Comments to the Honorable Ray Rodrigues, Chair, and Members of the Senate Governmental Oversight & Accountability Committee regarding SB 84 – Retirement
My name is Dominic M. Calabro, and I am President and CEO of Florida TaxWatch, an independent, nonpartisan, nonprofit taxpayer research institute and government watchdog which, for over 40 years, has worked to improve the effectiveness, efficiency, and accountability of Florida government and promote a fair and equitable system of taxation.
Due primarily to its substantial and unpredictable long-term costs, Florida TaxWatch has long been a proponent of reforming the Florida Retirement System (FRS). Requiring all new FRS members to enroll in the Defined Contribution Investment Plan will help modernize our state employee benefits and ensure that the FRS is actuarially sound going forward, avoiding billions in future liabilities and very likely increasing the retirement wealth of state employees.
The state currently bears the investment risk of ensuring that the defined benefit amount will be available to be paid to retired employees and beneficiaries. Defined benefit plans require complex actuarial projections and insurance for guarantees, making the costs of administration very high. Due to the risk inherent in this obsolete model, defined benefit plans have long been abandoned by most employers, especially private organizations.
The FRS Actuarial Assumption Conference met in October 2020 to adopt updated economic assumptions to be used for the actuarial valuation of the FRS. The preliminary results show that the FRS has an unfunded actuarial liability (UAL) of $32.1 billion, an increase from the $30.3 billion UAL in 2019. In 2015, the UAL was $23 billion. In 2019, the system was 84.2% funded on an actuarial basis; however, the funded status is expected to decrease to 83.7% in the 2020 updated valuation.
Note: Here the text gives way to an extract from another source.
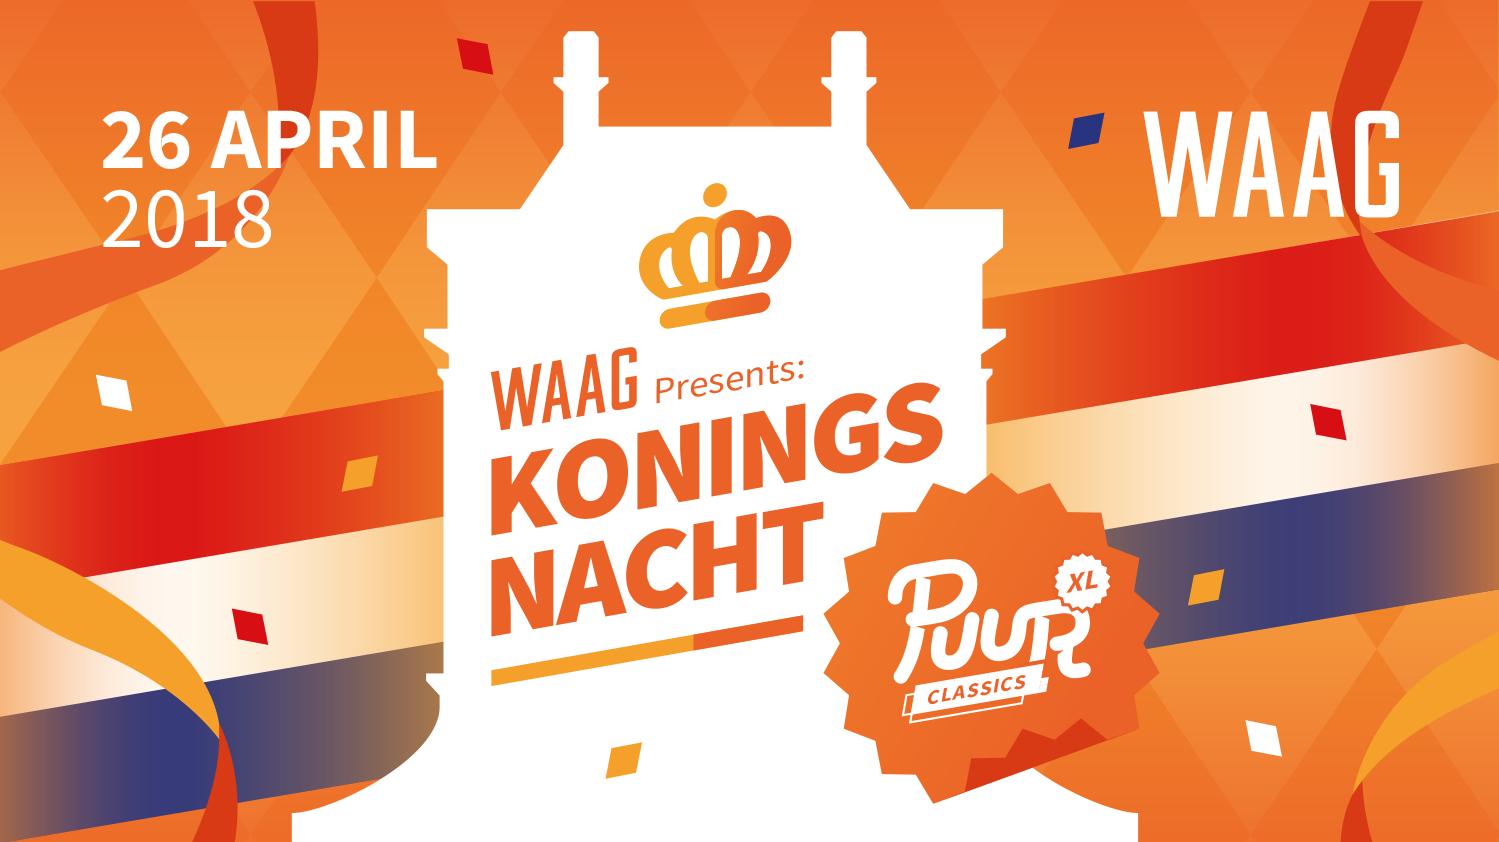 Naam Waag Presents Koningsnacht Puur Classics Xl Tijd   April Line Up Def Rhymez Barry Badpak Puur Classics Dj Team

In addition to minimizing exposure and expenses, defined contribution plans allow employees to better align their investment strategy with their own individual retirement plans and preferences for risks and rewards. The employee is empowered with the ability to direct contributions and investments to grow the assets for their particular retirement needs. Defined contribution plans honor our commitment to a state employee's future AND respects our obligations to Florida Taxpayers to ensure sound and reasonable practices.
Florida TaxWatch supports the enactment of legislation that modernizes state employee benefits by requiring all new FRS members to enroll in the Defined Contribution (DC) Investment Plan. Legislation such as SB 84 can help remedy this longstanding problem. Enrolling all new FRS members in the Defined Contribution Investment Plan will modernize the state’s employee benefits, reduce the state’s financial liability, better align government benefits with successful practices provided by the private sector, and generate significant taxpayer savings in the long run.
You can find more recommendations on FRS Reforms and critical budgetary and taxpayer accountability issues at FloridaTaxWatch.org. We look forward to working with you and your colleagues as this issue and other critical funding and benefits issues are addressed.